Paper Summary
Share...

Direct link:

Breathing Life Into Psychological Theories With Community College Students

Sat, April 13, 9:35 to 11:05am, Pennsylvania Convention Center, Floor: Level 200, Exhibit Hall B

Abstract

For younger generations, the end of the world as we know it approaches. The on-going climate crisis, epidemic of racism, anti-immigration, and LGBTQ-phobia, the banning of books, school mass shootings, an increase in human trafficking, and the extinction of more than 160 species of plants and animals— are at the forefront of our lives. Developmental psychology’s canons, for the most part, have failed to seriously center these issues in theories and pedagogies (Adams-Wiggins & Taylor-García, 2020; Orellana, 2016; Stetsenko, 2016). The fixation with positivism and scientism permeates the field (Koops & Kessel, 2017) producing knowledge that is decontextualized from how people develop and insufficient to deal with these on-going crises.

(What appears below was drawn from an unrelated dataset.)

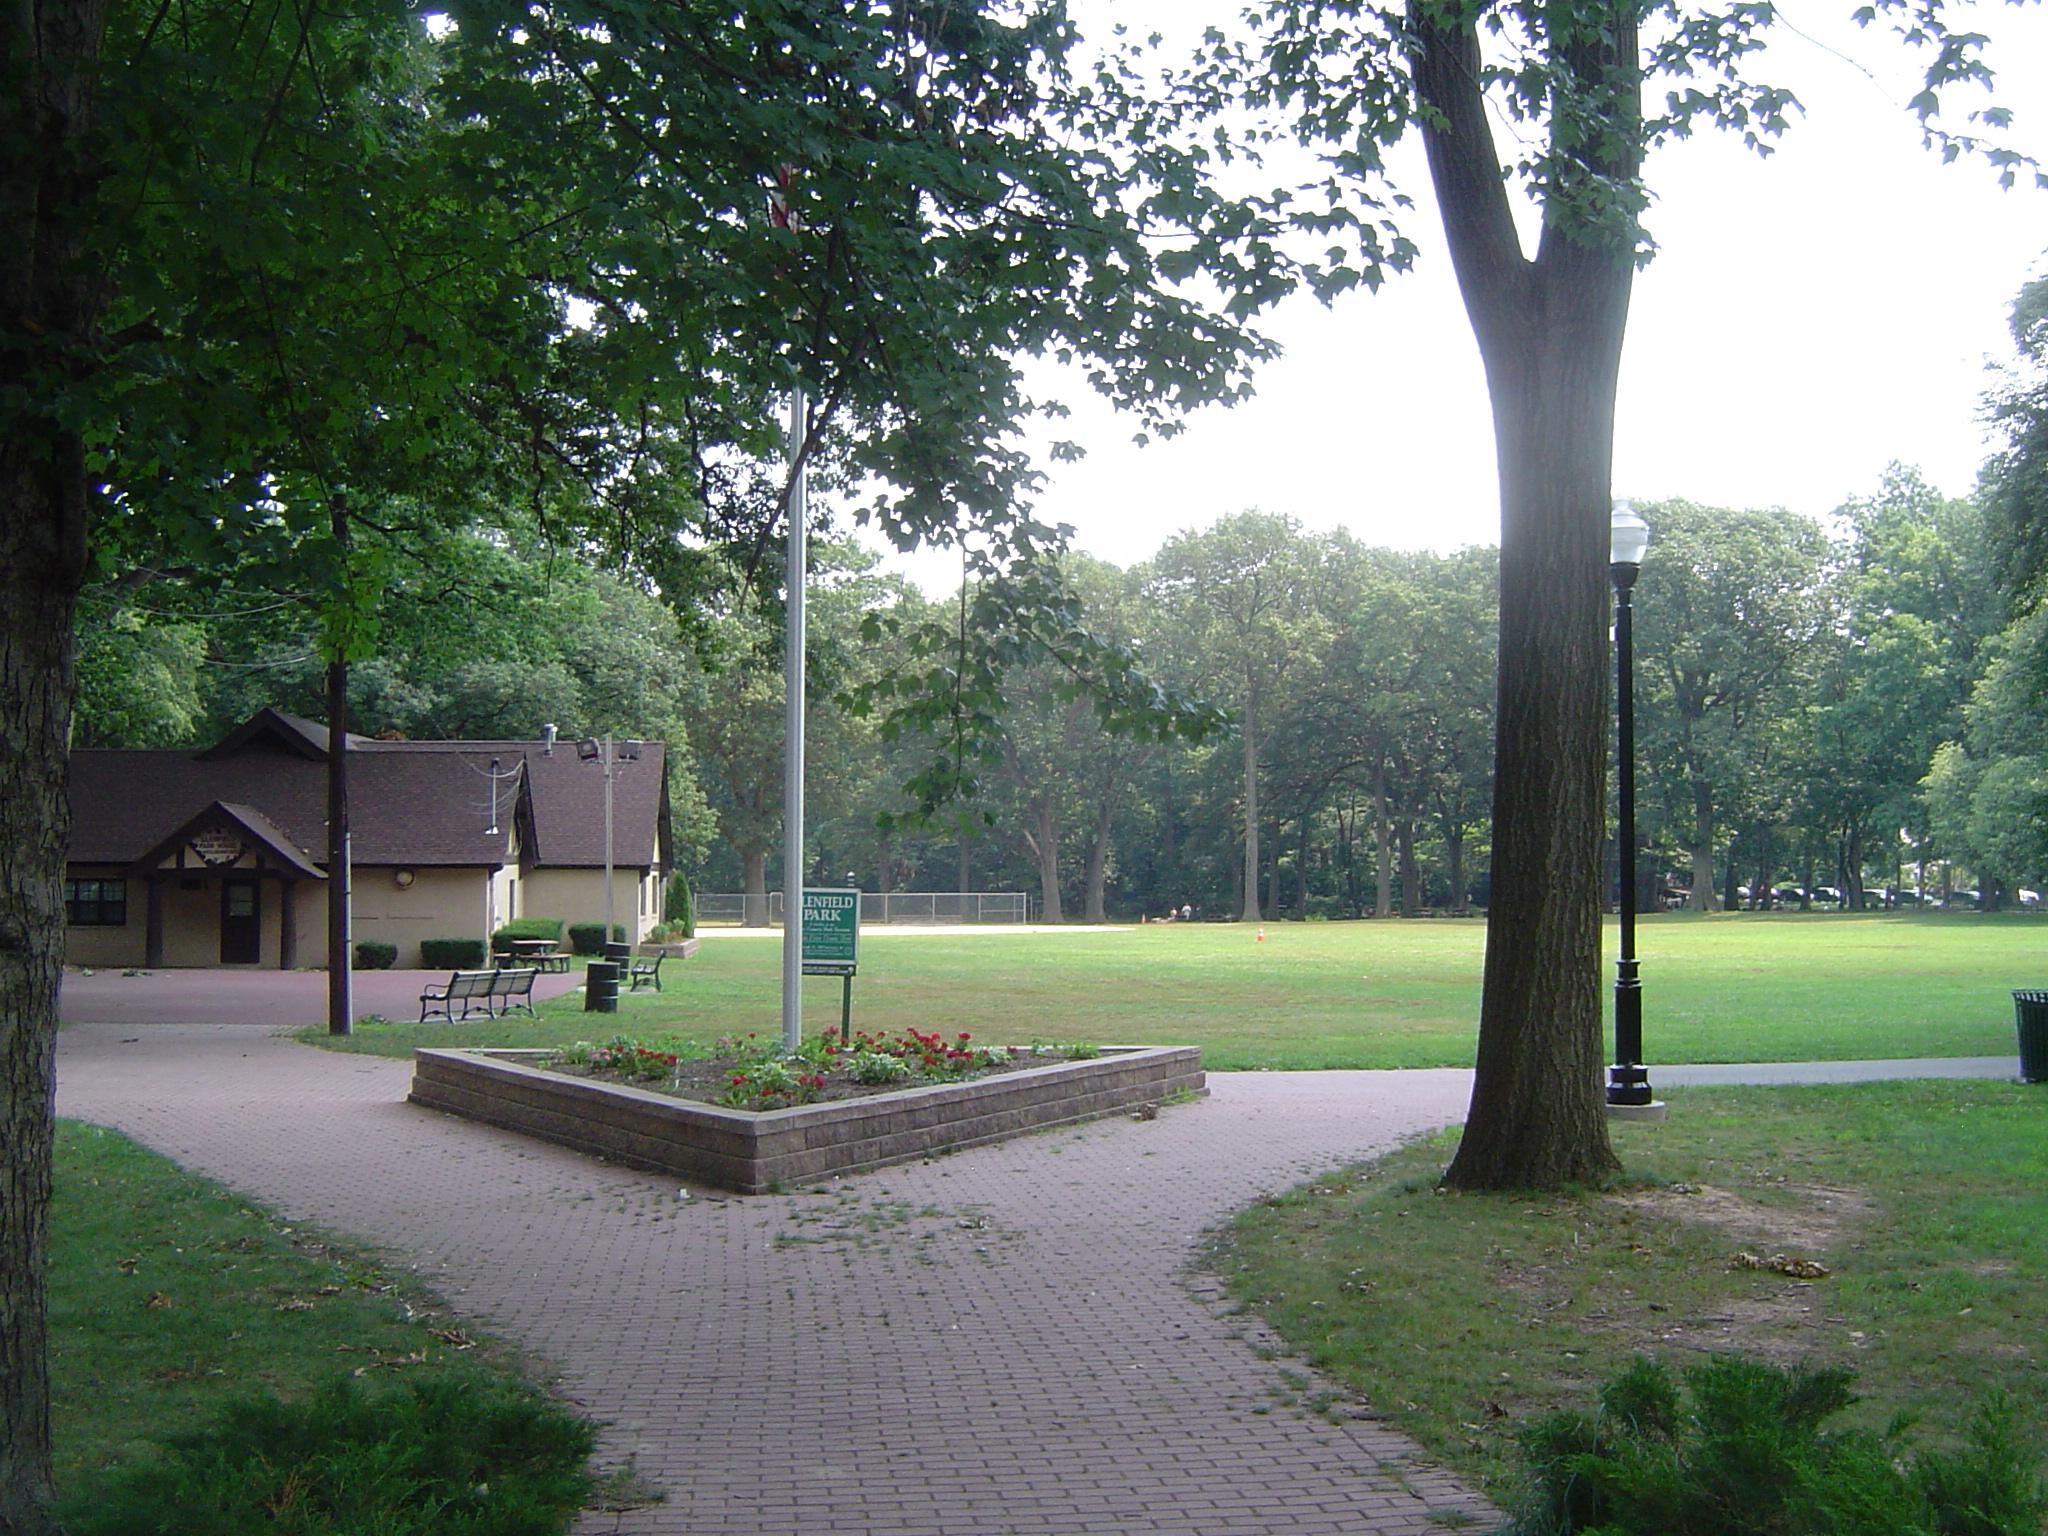 Glenfield park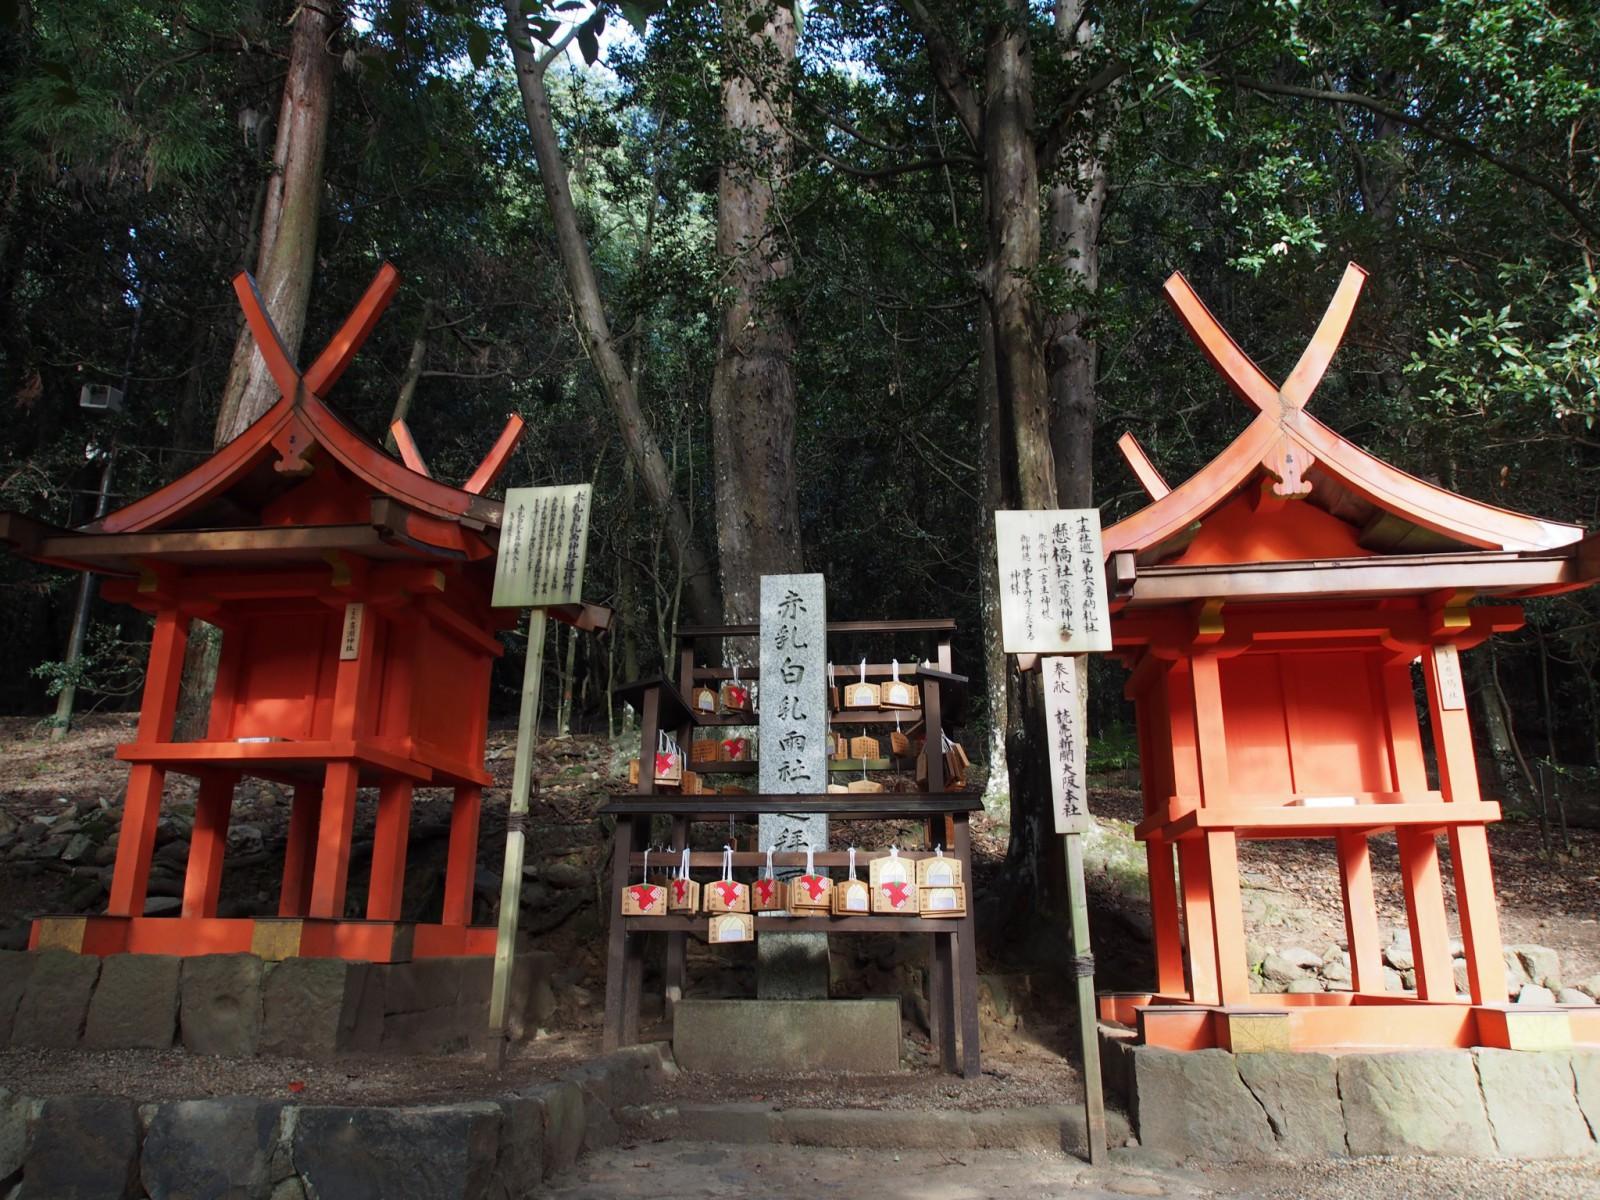 春日大社の「廣瀬神社」と「葛城神社」

One notable exception is Vygotsky, whose works grew out of struggles for creating a more equitable world through overturning the traditional canons of developmental psychology in a time of social turmoil and unpreceded crisis (Stetsenko, in press). In particular, I argue that Vygotsky’s conceptualization of obuchenie (teaching-learning as one process) can be further expanded upon and taken seriously to transform and update theories of human development vis-a-vis the end of the world as we know it. I suggest that the interdependence and co-constitution of teaching-learning, world-making, and theory-making is integral to making human development more accountable to an increasingly dying world. Though normally understood as separate processes, I argue that it is only in the act of transforming theories with students through facing the end of the world as we know it, and therefore imagining the kind of world students are striving to create, that theories become alive and active in the world/our lives.

Drawing on a thematic analysis of three group discussions with community college students and from a critical ethnography of my pedagogy (e.g., student coursework), I explore what becomes possible when the lives, concerns, and hopes of community college students are centered and taken seriously in the theorization of human development rather than focusing on ”facts” or “correct” understanding of development. How do their dreams, struggles, hopes, and fears as working-class, racialized, and “non-traditional” students open up new possibilities for how we conceptualize human development?

Building on the transformative ontology (Stetsenko, 2016) and decolonial cosmologies (Wynter, 2003; Stein et al., 2016; da Silva, 2022), I propose that how community college students make sense of psychological theories bring into being new/revised theories of human development grounded on the realities of students and professor, and the world itself. That is, it is in the process of a reciprocal transmutation of teaching-learning, teacher-student, theory-practice, and self-world that we can collectively come to envision, articulate, understand, and update theories of human development.